Pescara: Lorenzo Scotto di Luzio. All the world is full of flowers

Pescara: Lorenzo Scotto di Luzio. All the world is full of flowers
Pescara: Lorenzo Scotto di Luzio. All the world is full of flowers

For his first solo exhibition in the space of Vistamare gallery in Pescara, Lorenzo Scotto di Luziowhose practice has been characterized since the beginning by an osmotic action articulated between the various expressive forms – from installation to drawing, from video animation to performance -, focuses on painting, which has always had a central role in his production .

In the six rooms of the gallery, it exhibits forty new works created between 2023 and 2024, which seem to transpose a verse by the poet Sandro Penna into painting: ‘one flower calls another’.
These floral paintings go beyond the intention of formally exploring such a recurring motif in the history of art. Although suffering from a certain attraction both towards the painting of the early twentieth century in Italy and towards the chromatic atmospheres typical of Edward Hopper’s painting, Scotto di Luzio reinvents and transforms the compositional values ​​now with bright tones, now with faint shades or even with a white and scratchy black, in a continuous game of mirrors between cultured painting and naïve painting.

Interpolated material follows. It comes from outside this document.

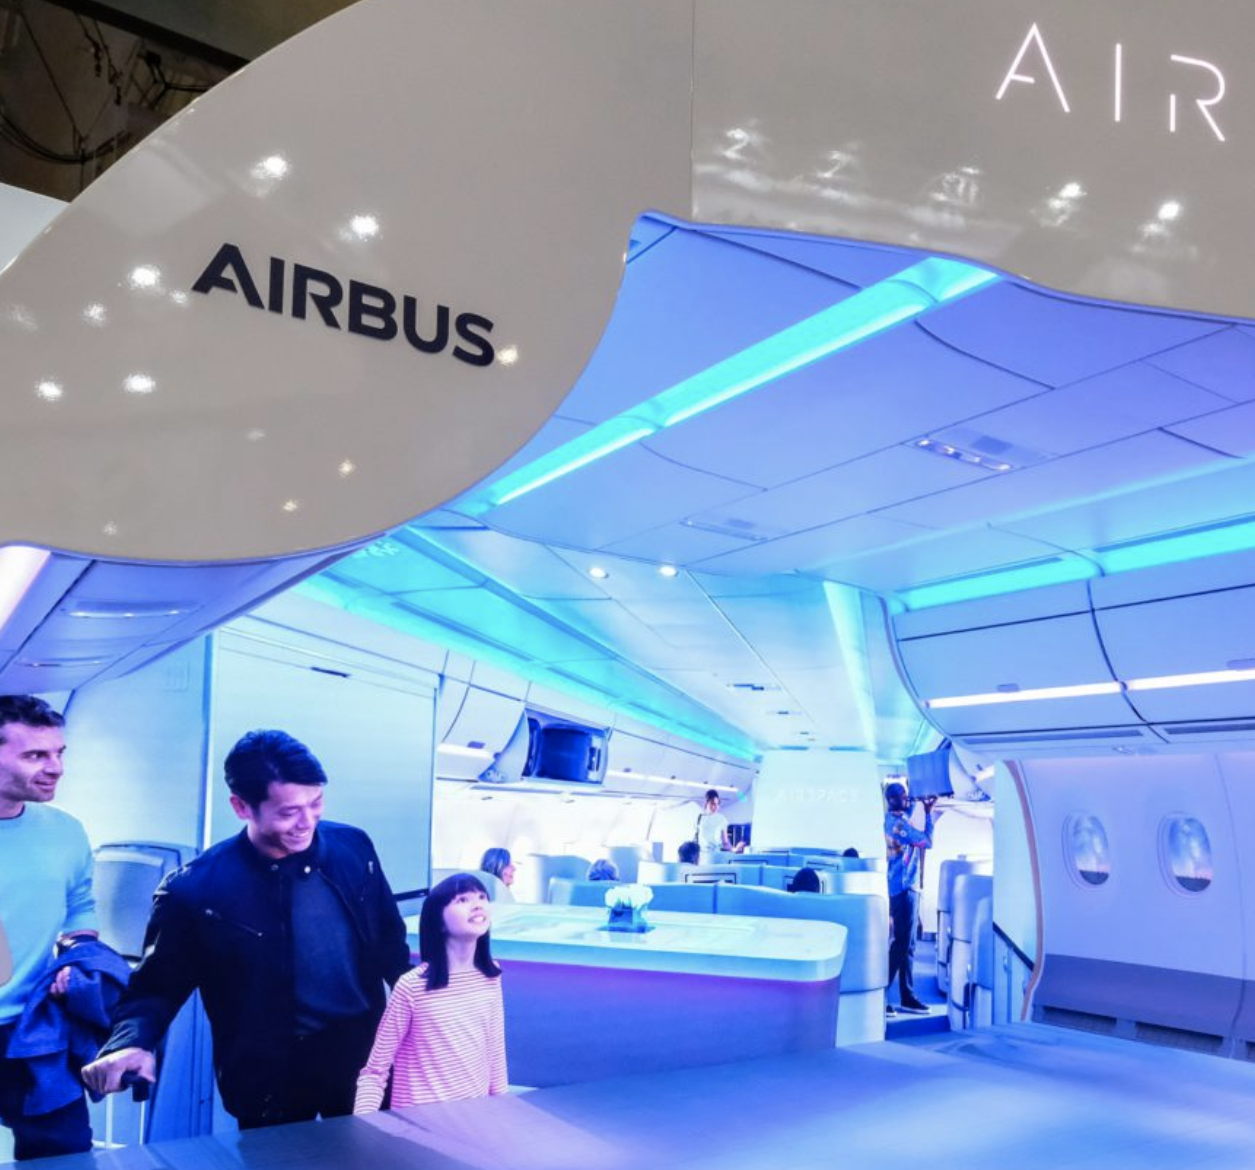 Airbus airspace interior at Dubai airahow

In its captivating simplicity, the exhibition could disorientate and almost irritate due to the apparent ease with which the artist proposes a disengaged and demystified painting.
If in the past Scotto di Luzio has often used his own image in his work, in the broader framework of a reflection on contemporary society, in this exhibition he turns exclusively to natural images, as if to avoid the narrative of identity in an era focused on identity, on the body and on its perception. Yet in some of the works on display, alongside the flowers, the residues of human presence are captured, evoked through objects extracted from everyday life – a solitary cigarette abandoned on the ashtray, a notepad that recalls an appointment, a newspaper forgotten on the tram – like excerpts from a personal novel.

Lorenzo Scotto di Luzio was born in Pozzuoli (Naples) in 1972. Among his personal exhibitions we remember: “An extraordinary exhibition”, Vistamare Milano, (2022); “In your mouth everything dies”, Kunst Meran, Merano (2017); “Pane al Pane”, Morra Greco Foundation, Naples (2015); “One less person”, Fondazione Sandretto Re Rebaudengo, Turin (2010); “Untitled”, Ancient & Modern Gallery, London (2008); “Tableaux Vivant”, Madre Museum, Naples (2007). He currently lives and works in Berlin.